We had a few worried parents (four to be exact) after the Sunday bombings in Kathmandu hit the media in Australia. Just for the record, they were careful to avoid tourists. They were going for the monarchists, those evil bastards. I can assure you all that I am not a monarchist. I'm pretty sure the same goes for Kelly. It was a salient reminder of the instability of the country though. Its sad to see how this ongoing ridiculousness has crippled a country which could have remained the major trading route from China to India, and which could have enjoyed a rich income from its tourist trade.

The bus trip to Pokhara was at times breath-taking, and at times nauseatingly windy. Probably the goodbye drinks we had with Pete, Mike and Freddy (the first two seem to be following us like blowflies - now they say they're coming to Pokhara, sheesh) didn't help much. The road follows a valley carved by a river, so there we saw many children playing in the water, and people crossing precarious wire bridges. We ourselves crossed the river many times in our ancient bus, a couple of times over bridges that didn't seem as though they would hold our weight. We barely missed a dozen cows at different times, and we were repeatedly forced into the seat in front of us as the bus driver slammed his breaks on to avoid an overtaking vehicle coming the other way in our lane!

The important thing is, we're alive.
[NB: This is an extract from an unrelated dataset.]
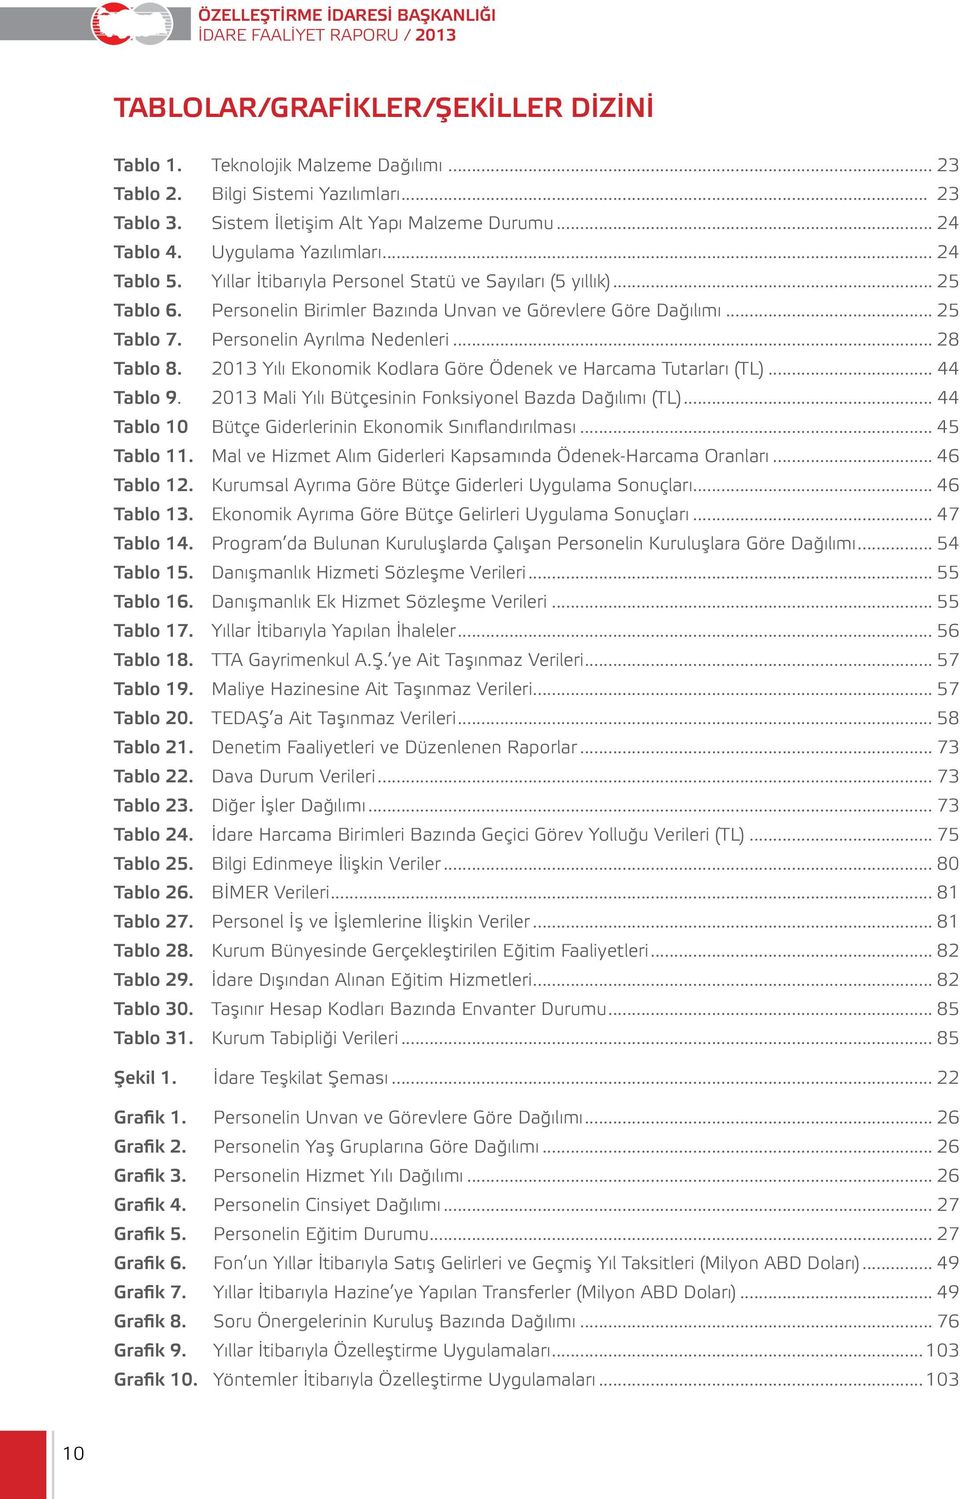 Personelin Ayrılma Nedenleri... 28 Tablo 8. 2013 Yılı Ekonomik Kodlara Göre Ödenek ve Harcama Tutarları (TL)... 44 Tablo 9. 2013 Mali Yılı Bütçesinin Fonksiyonel Bazda Dağılımı (TL).

Kelly has just started her volunteer work at the Children's Welfare Association, which is basically an orphanage for street kids. They have nothing there, even compared to the refugee school in Thailand, mostly because the CWA only just opened up a couple of months ago, in order to try to tackle the problem Pokhara was having with the street kids. Its not technically a school, just a place to stay, but most of the kids haven't learned enough self-discipline or the basic manners to be able to survive the regular school, so those kids get taught during the day, and Kelly takes the English lessons.
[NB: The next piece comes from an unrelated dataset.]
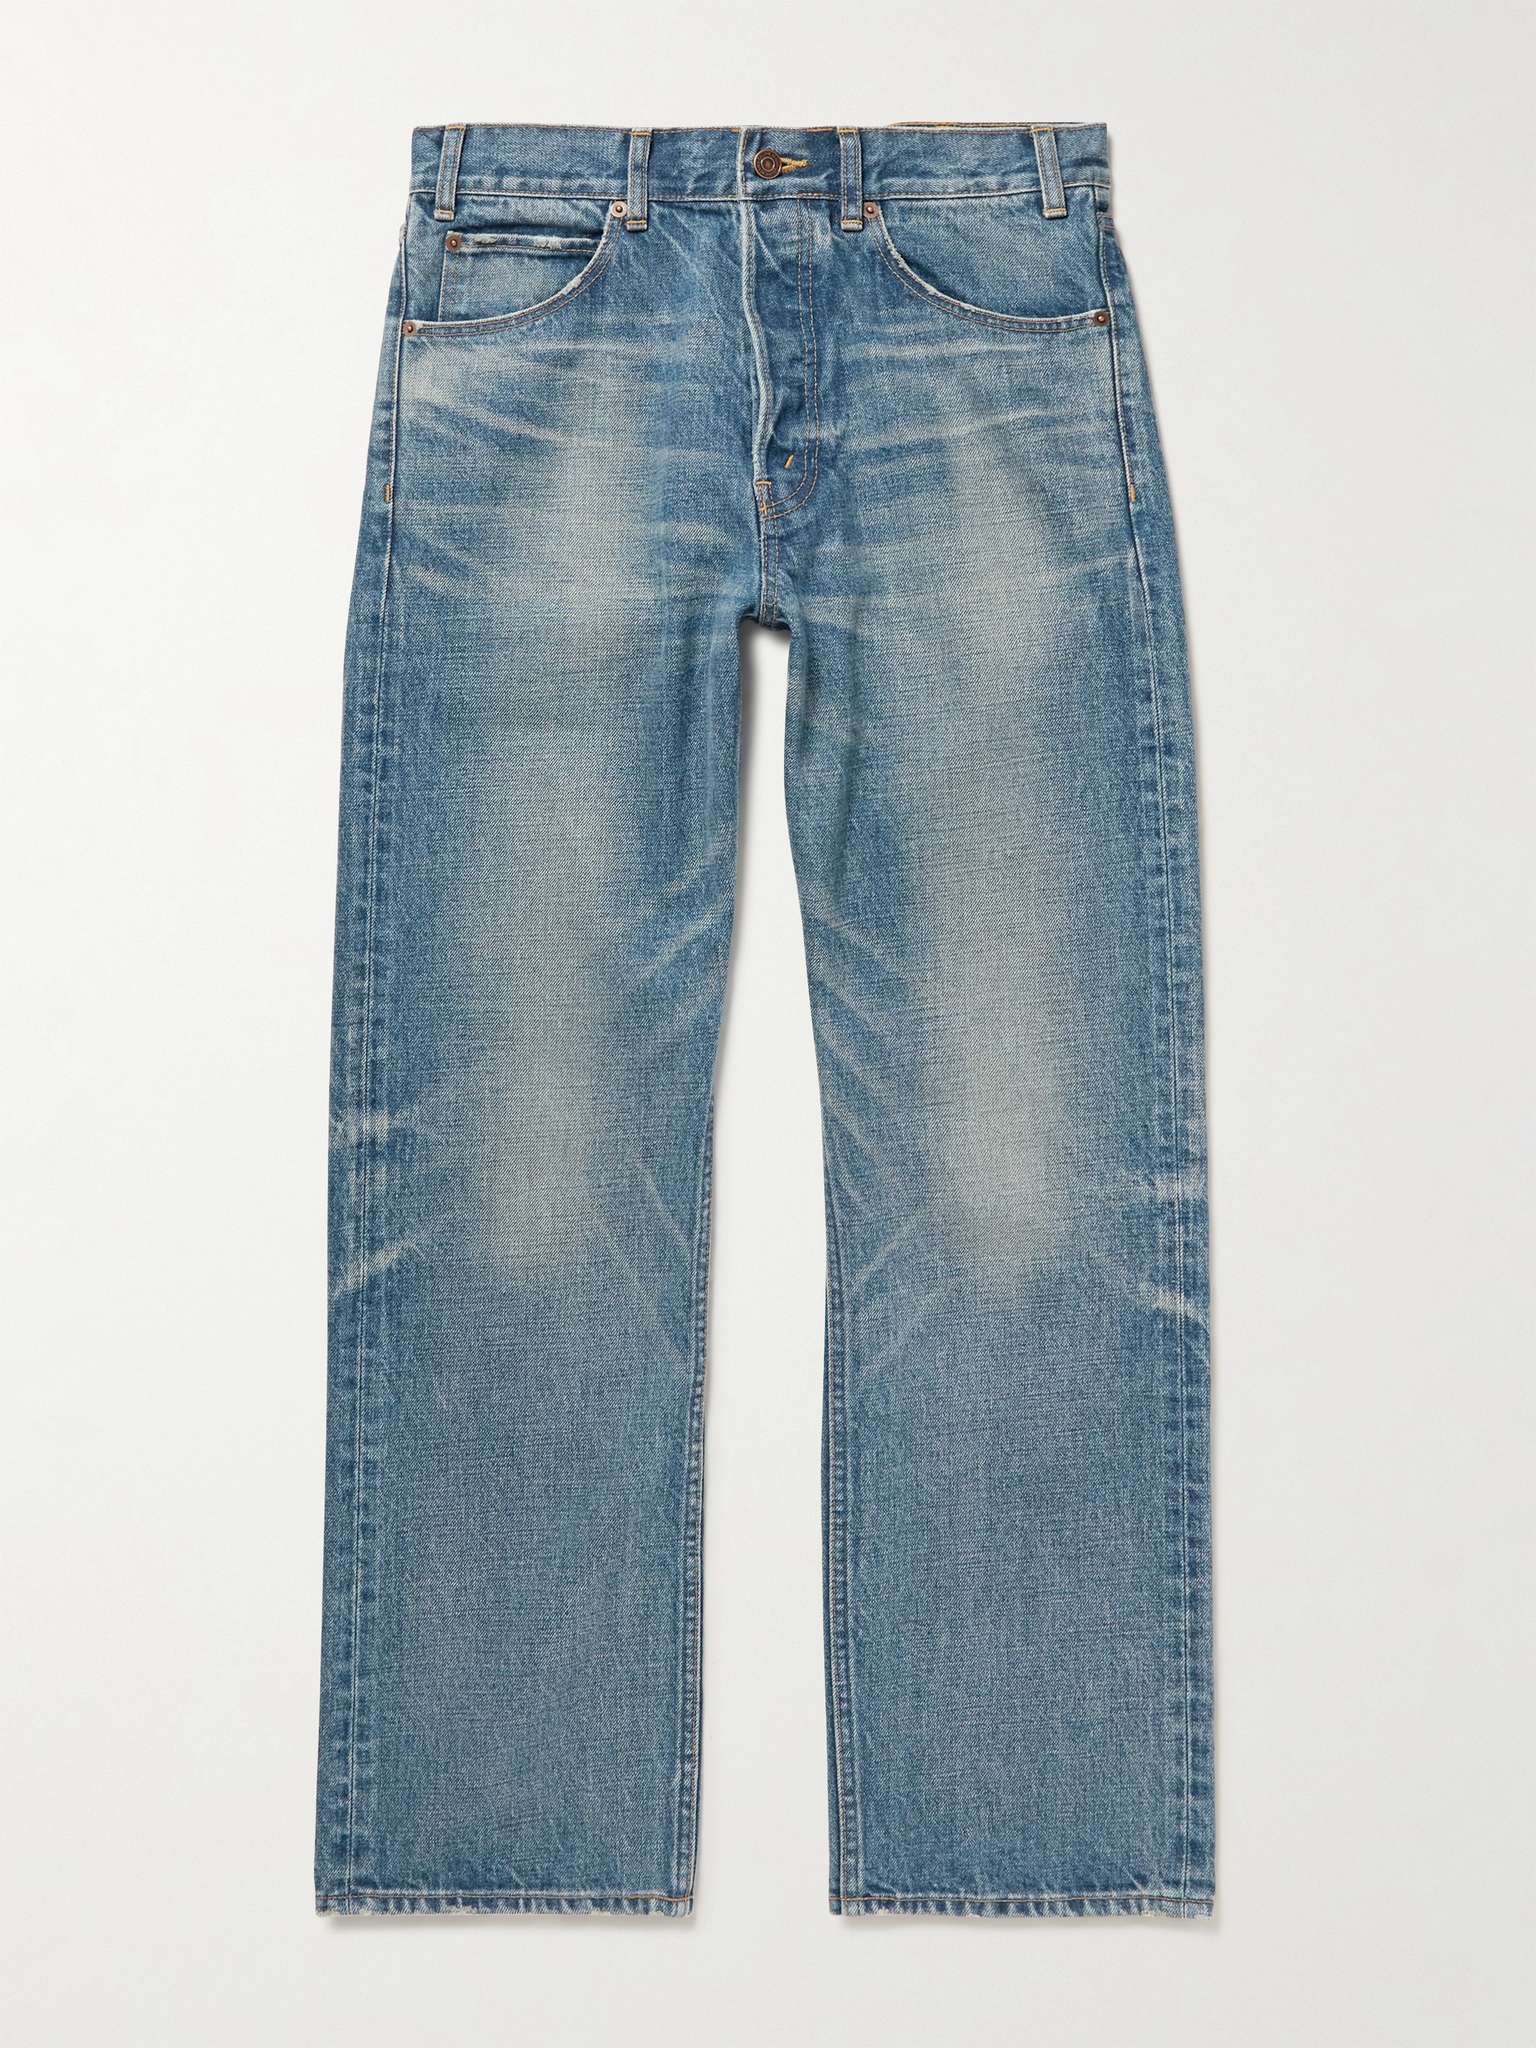 Blue Kurt Straight-Leg Jeans | CELINE HOMME | MR PORTER

I had my first day at the hospital today, sort of. I went in, and everyone was more interested in just sitting and chatting to me than getting me involved in any actual medicine. I've doctors coming out the ears asking me about how to work in Australia! The teaching is run in English, and everyone obviously speaks really good English. One of the professors asked me if I wanted to "take food with him" at lunch time, so I had a really nice Northern Indian lunch. But I never saw a patient. They do "community medicine" work, which they are almost insisting I get involved in, where they travel to nearby towns and villages to supply health care. I'm not complaining, but I was planning on an anaesthetics rotation...
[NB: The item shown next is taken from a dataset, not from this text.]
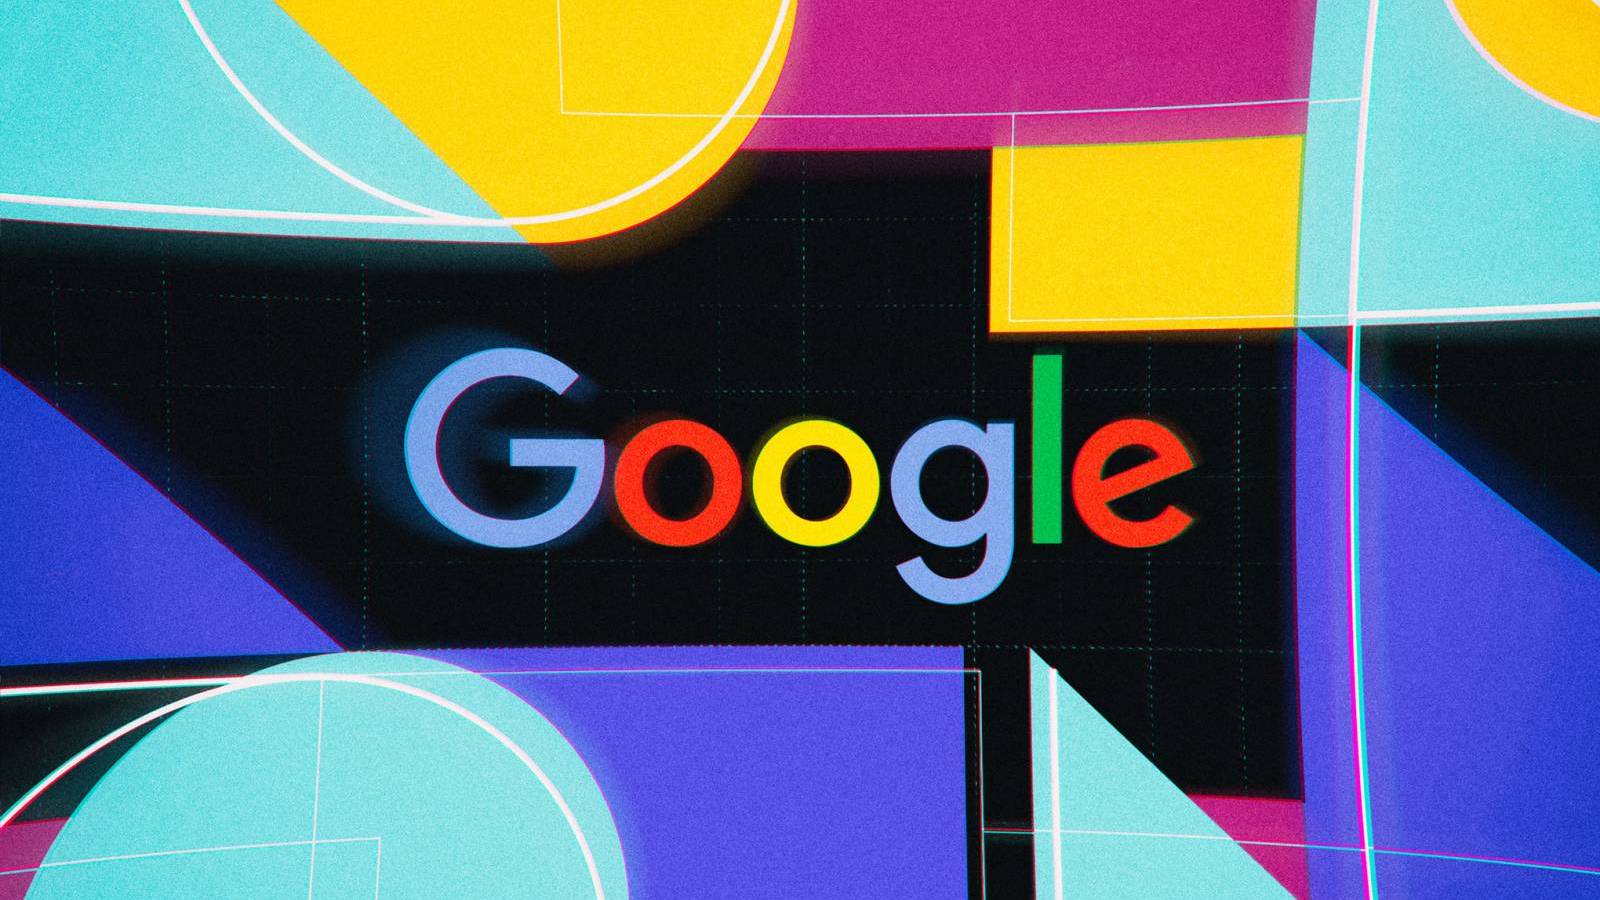 Google a Lansat o Noua Actualizare pentru Aplicatia oferita pe Telefoane si Tablete

One plus is, I get the feeling that they aren't going to have a problem cutting my rotation a bit short so that we can do a decent trek in October.

That's about it for now. As always, we have our photos up on PicasaWeb. I've uploaded photos into the Burma, Thailand and Nepal albums, which also contain all the previously uploaded photos (but I haven't got around to copying over the comments I've made). I've put together a couple of photos from the Mae Tao Clinic, but be warned that there are some gory photos of penile surgery in that album. Don't blame me if you see things you wish you hadn't.